If so, what’s the activation function?

If the activation function is simply linear, multiple hidden layers become a simple linear function

But the point is that the hidden layers are not linear, right? So this is not “linear regression”: it is applying a DNN to solve a regression problem. This is perfectly possible: you just have to choose an appropriate output layer activation (as you say) and then a cost function. Depending on the nature of your output values (e.g. can they be negative) you can either just use the linear output or apply ReLU at the output layer. Then you’ll probably want to used a distance based loss function like MSE.
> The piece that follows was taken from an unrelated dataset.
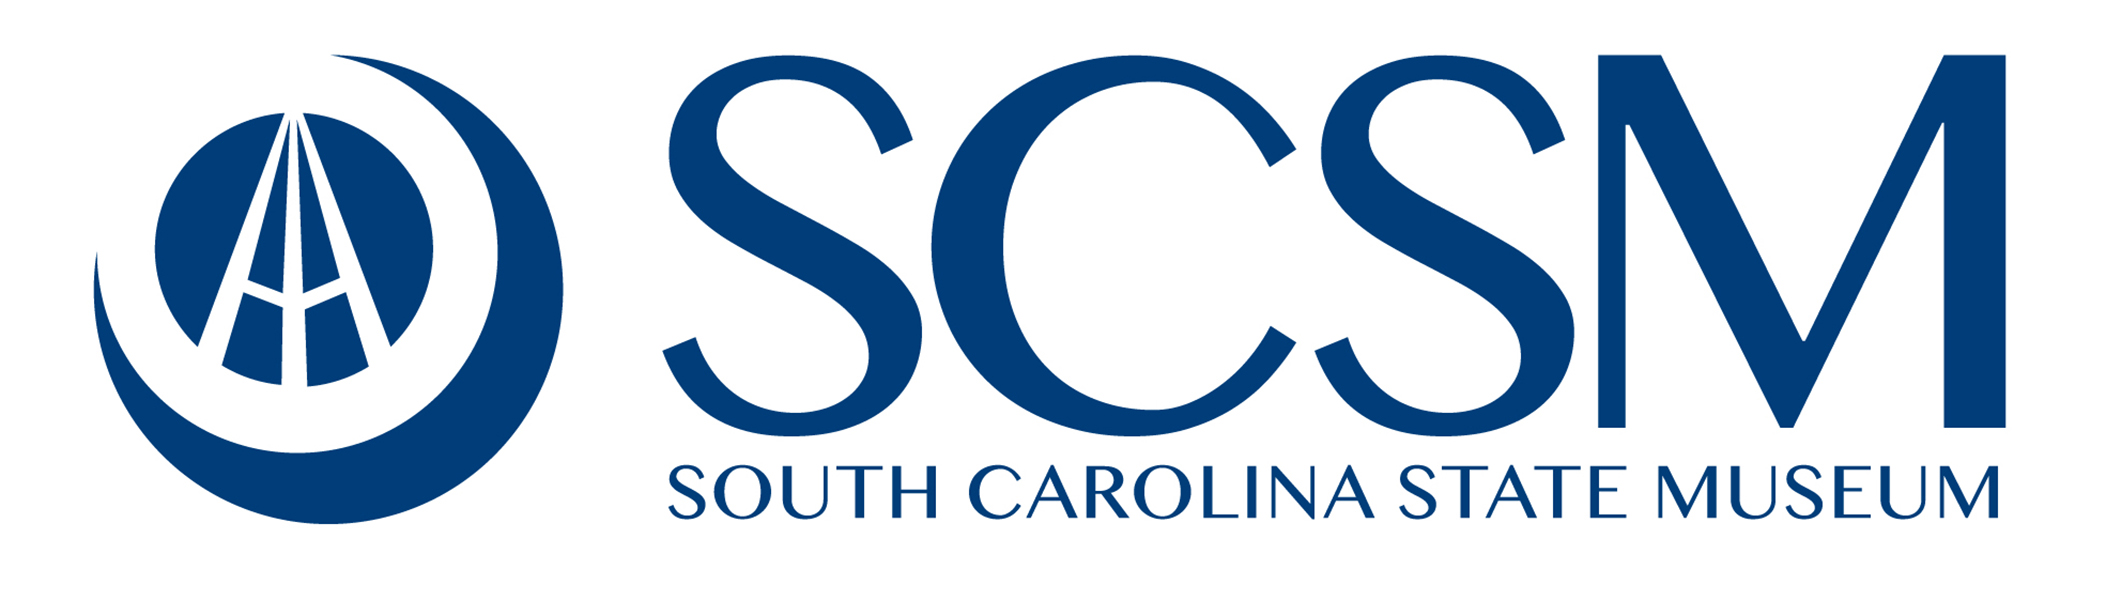 SCSM Logo

Please show me some examples of the activation functions for linear regression.

You can just use either ReLU if the values need to be positive or just use no activation function at all at the output layer if negative values are meaningful for whatever the quantity is that you are trying to predict.

If no activation function at all at the output layer, NN becomes linear regression, no matter how many hidden layers.

That is not true: we are only talking about the *output* layer here, right? The point is that there are non-linear activations in all the hidden layers. You can choose the functions to use, e.g. sigmoid, tanh, swish, ReLU, Leaky ReLU etc. The point is that it is only at the *output* layer that we would consider just using the linear output in this type of case.

sigmoid, tanh, swish, ReLU, Leaky ReLU etc. restricts output to (-1, or) or positive.

do we have activation functions that output both large positive and large negative?

The range of Leaky ReLU is (-\infty, \infty). Or if you simply don’t use an activation function at the output layer, then the range is also (-\infty, \infty).